When I was awakened early this morning, I made the mistake of turning ... on C-SPAN, thinking that boring speeches would do the trick.Read the complete blog post here.
Big mistake. Instead of boring speeches, I was greeted by passionate, in-your-face activists from M.A.D.D.[Mothers Against Drunk Drives] The hard core of that organization consists mostly of people who have lost a family member because of an accident with a drunk driver, and who have clearly sublimated the normal grief which accompanies the death of a loved one into political activism. They think that their loved ones died because of lax laws, and they press for endlessly tougher laws, which they claim will stop drunk driving.

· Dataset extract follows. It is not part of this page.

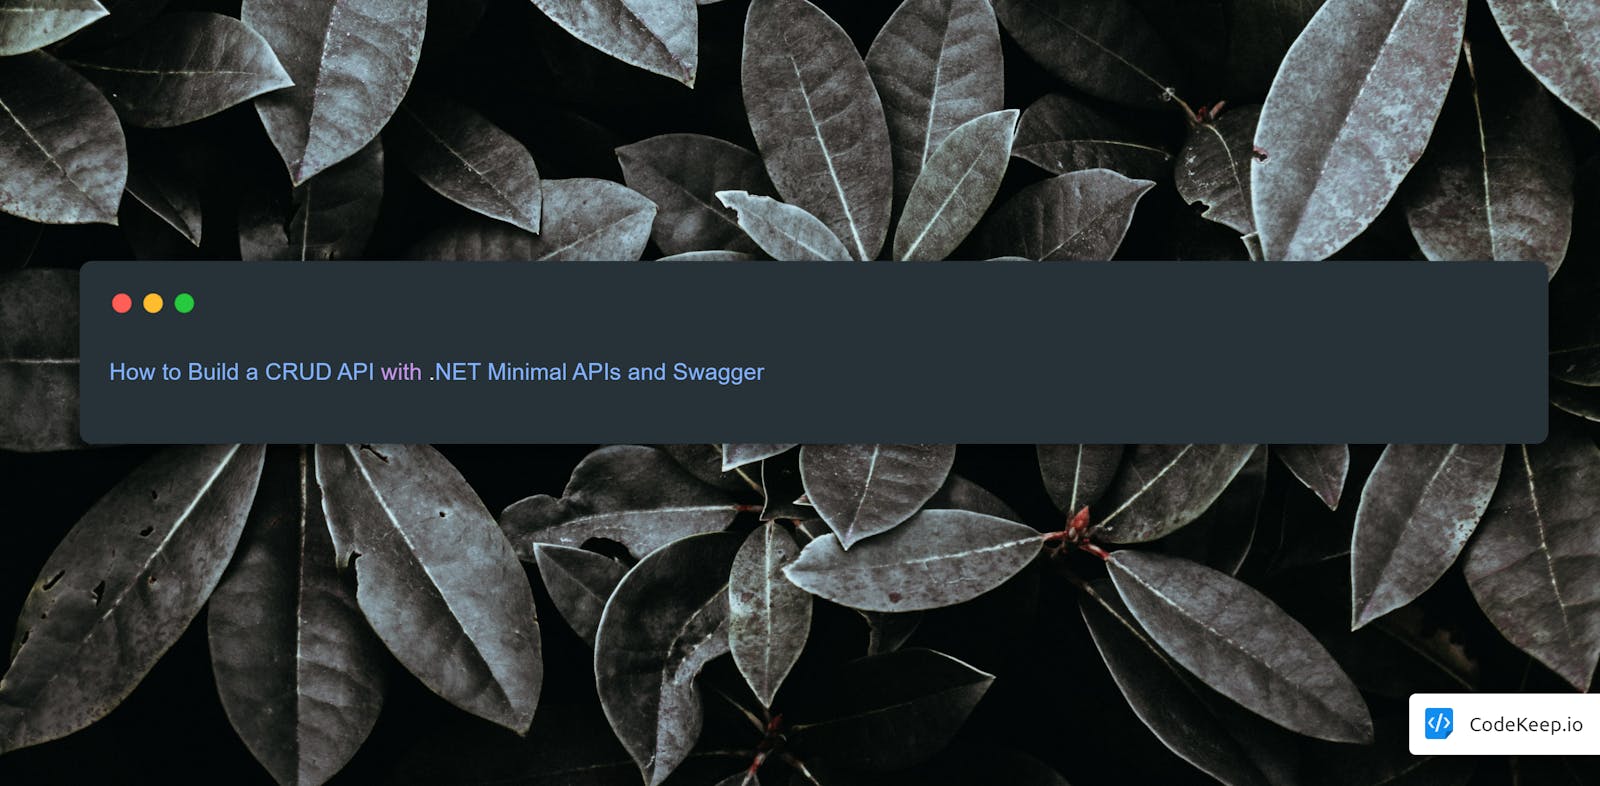 How to Build a CRUD API with .NET Minimal APIs and Swagger

M.A.D.D. activists are now pushing to make drunk driving a felony, and to lower the blood alcohol level standard for DUI from .08 (already lowered from .10 thanks to MADD activists) down to .04.
.04 is the BAC [Blood Alcohol Content] you'd get from a glass of wine.
It doesn't take much imagination to see that this would create a gigantic new group of felons.
Now, I do not defend drunk driving. But the direction in which this hysteria is going -- making driving after a glass of wine with dinner a felony -- is simply an outrage. This isn't a crackdown on drunk driving; it is neo-prohibitionism.
The M.A.D.D. speakers were also calling for a return to the 55 mph speed limit, because drunk drivers are said to be much more dangerous at high speeds. Saying that because drunk drivers are more dangerous at higher speeds no one should be allowed to drive at high speeds makes about as much sense as saying that because drunk drivers are dangerous in cars, no one should be allowed to own a car. In typical nanny state fashion, this would punish the many for the crimes of the few, and another example of the national kindergarten mentality I have complained about till I'm blue in the fingertips. Also, this argument makes the ridiculous assumption that drunk drivers (who are already violating the law by drinking and driving) will somehow be law-abiding and not exceed the speed limit. (Right. Like criminals planning armed robbery or murder will nonetheless be deterred by gun control laws.)
Nobody, including myself, wants drunk, distracted, drugged drivers driving cars on the road, but nobody wants to make a felon out of someone who has one glass of wine and was stopped by the police because his license plate light was out and gets arrested for drunk driving as a felon.